As other conflicts arose the day was expanded in meaning, to its present embrace of the memory of all who gave their lives for the noble cause of American freedom.

I think there’s another side to Memorial Day that emerges with a study of its history; it is a day to express not just gratitude, but forgiveness, as well. After all, the day started as an acknowledgment of Union troops who fell in battle against fellow Americans who fought for the Confederate States of America. What must the celebrations of Memorial Day have been like, for the first several decades of its existence?

Reading some of the ceremonial Memorial Day speeches given by US Presidents in the time before our own, we see that the attempts to live with the nation's past cast a difficult shadow for longer than we may think. When President Coolidge, for example, traveled to the decisive battlefield of Gettysburg to deliver his 1925 Memorial Day address there, 60 years after the end of the Civil War, he carefully invoked Theodore O’Hara’s mournful poem, “The Bivouac Of The Dead”, in his opening remarks, despite the wartime experience of its composer: an officer who fought for the Confederacy.

(The elegy is also quoted at Arlington National Cemetery, and as in Coolidge’s speech, the author goes uncredited, his wartime choices tactfully unacknowledged.)

On that May afternoon there were undoubtedly living veterans from both sides of the conflict in the audience. What must that day have meant to them?

13 years later, on the 75th anniversary of the battle of Gettysburg, an even larger-scale event took place, reuniting 2,000 surviving veterans of the blue and the gray. It’s said that at the planned re-enactment of Pickett’s Charge, the octogenarian (and older) rebs followed their cue and ceremoniously moved across the field, just as some of them had done all those years before. A different reaction greeted them this time: their former opponents in blue were so affected by the sight, and the memory, before them that a great cry arose from their souls and they spontaneously rushed towards the oncoming veterans to deliver an unplanned embrace. No choreographed gesture could more clearly establish that they were enemies no longer.

What happened between 1863 and that day in 1938? What happens between the heartbeats of history that teaches one soul to find forgiveness for that which has been done against it by another? Given the limitations of the human spirit, it seems hard enough to remember to express gratitude for the sacrifice of others; how much harder still is it to remember how to forgive those who cause us to mourn those sacrifices... and in so doing, keep faith in the possibility of peace.

This challenge is the theme we explore in today’s Radio Memories post.

Every Sunday we pause from listening to current events and instead lend an ear to the gone-but-not-forgotten echoes of radio drama, the dearly-departed theater of the mind.
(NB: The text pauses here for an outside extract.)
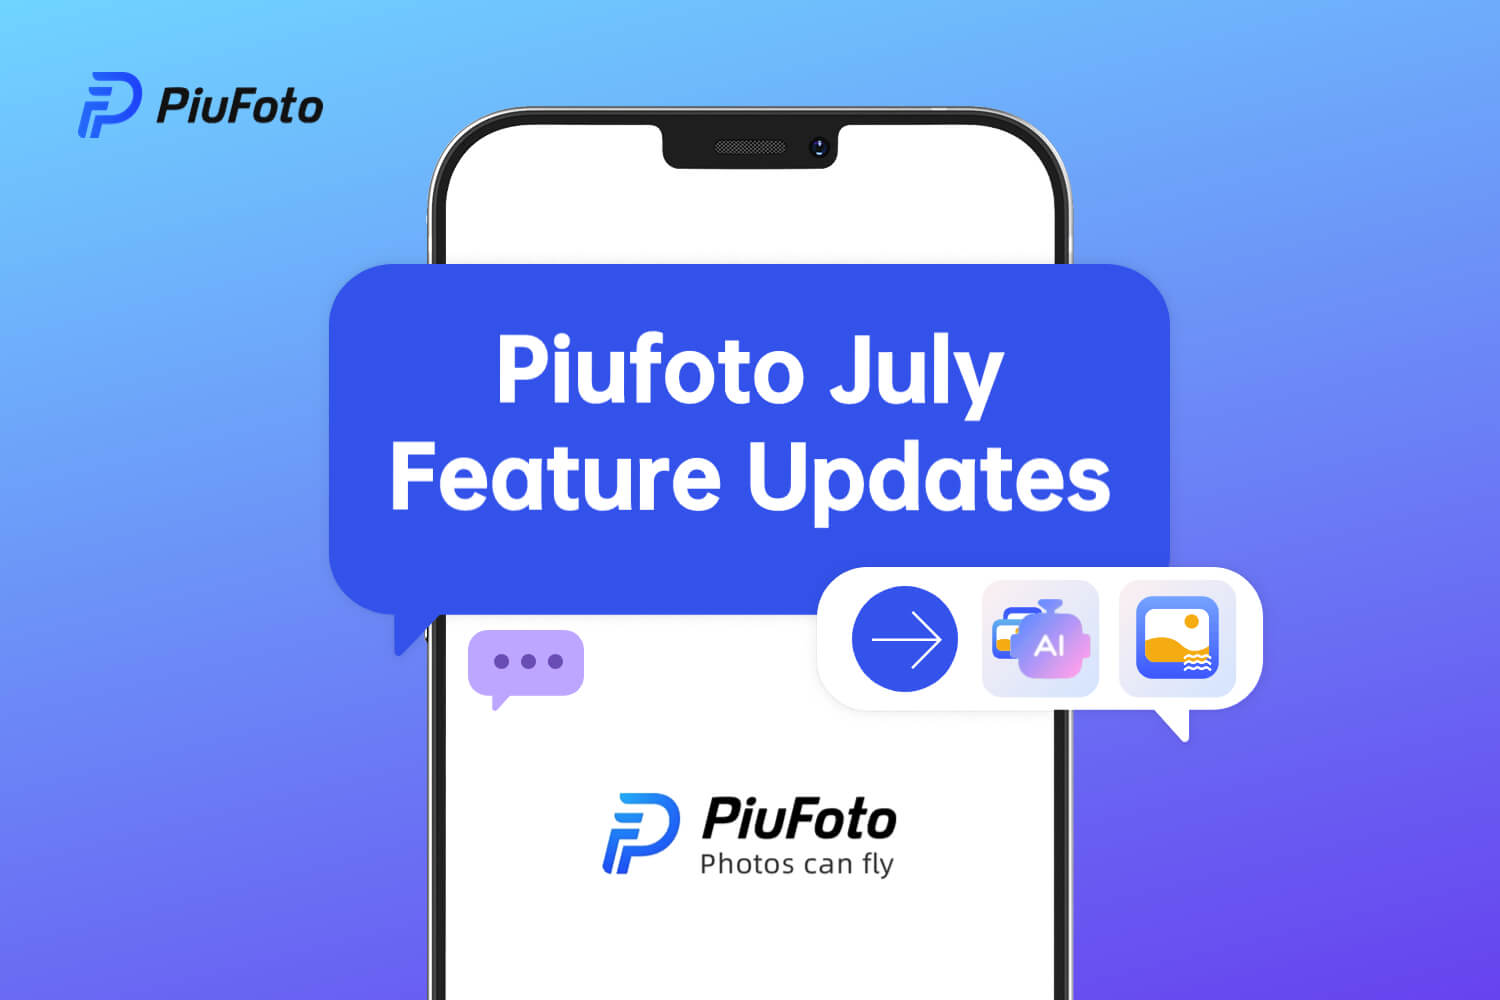 Piufoto July Feature Updates: Piufoto 2.0's Significant Upgrade
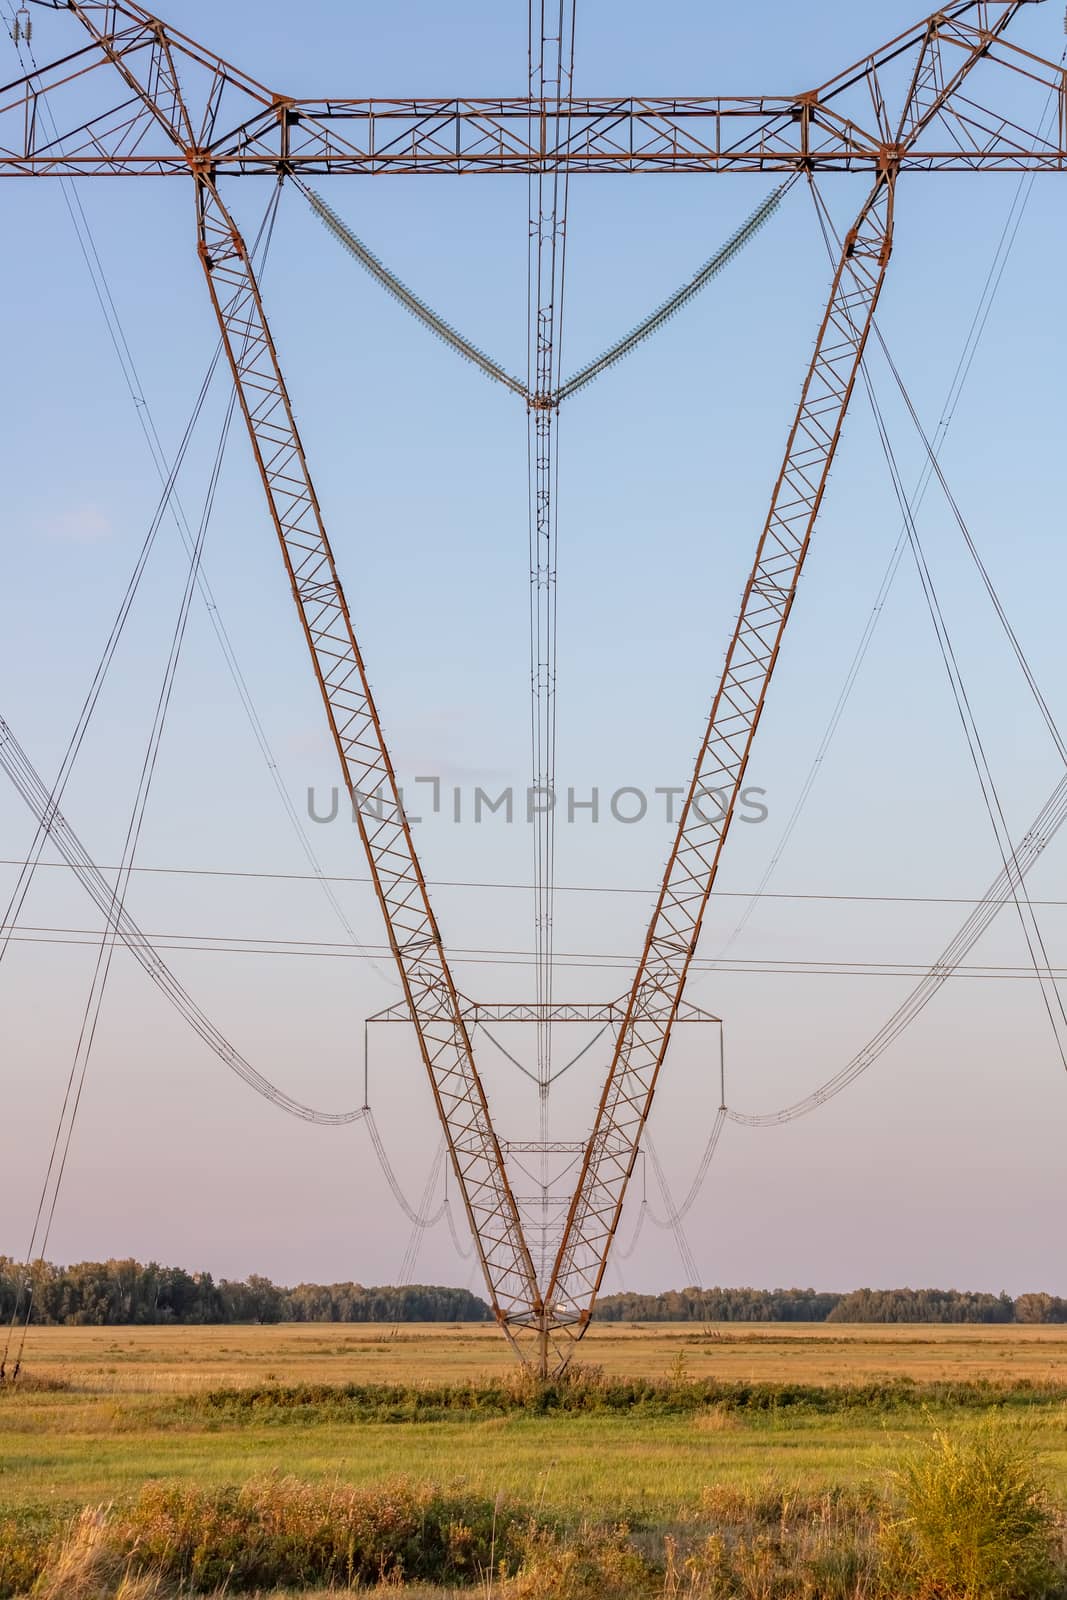 Low angle view of high voltage power lines and poles in the countryside. Blue sky as a background. Portrait format.

On offer this week: a broadcast from the twilight years of radio drama, from a time when the medium's popularity had been completely eclipsed by the novelty of television. The series is called Frontier Gentleman, one of the last radio westerns; the episode is entitled “Gambling Lady”, originally aired Sunday afternoon, June 29, 1958.

Even though the audiences were no longer there, the production quality of radio drama reached its peak right at its final curtain call. Series like The Frontier Gentleman saw a blend of vivid sound effects, stirring acting and nuanced writing that, for this listener, makes it hard to imagine it's merely a group of actors and hurried technicians huddled around a microphone... it's much easier to let ourselves get swept away by the sound cues, and conjure up dusty western towns, embittered and embattled frontiersmen, all trying to escape from the shadow of war.

Rest on embalmed and sainted dead!
Dear as the blood ye gave;
No impious footstep shall here tread
The herbage of your grave;
Nor shall your glory be forgot
While fame her records keeps,
Or Honor points the hallowed spot
Where Valor proudly sleeps.

Yon marble minstrel's voiceless stone
In deathless song shall tell,
When many a vanquished age hath flown,
The story how ye fell.
Nor wreck, nor change, nor winter's blight,
Nor time's remorseless doom,
Shall dim one ray of glory's light
That gilds your deathless tomb.
__"Bivouac Of The Dead", Theodore O'Hara (1820-1873)


Previous Radio Memories posts:

Information Please: Guests Walter Duranty and John Gunther
The Aldrich Family: Cleaning The Furnace
Tom Mix, Terry and the Pirates VE Day broadcasts from May 8 1945
You Are There: The Capture Of John Wilkes Booth
Fort Laramie: War Correspondent
CBS Radio Workshop: Son Of Man
Great Gildersleeve: Easter Rabbits
Dimension X: Time And Time Again
An American In England: Women Of Britain
Cavalcade Of America: Bob Hope Reports
The March Of Time: Feb 10 1938 broadcast
Hear It Now: Coming Home From The Korean War
Escape: Vanishing Lady
Rogers Of The Gazette: Rewinding The Town Clock

5 comments:

Dag said...

That embrace, Charles, like Gilgamesh and Enkidu, is why we are a nation worth sacrificing for.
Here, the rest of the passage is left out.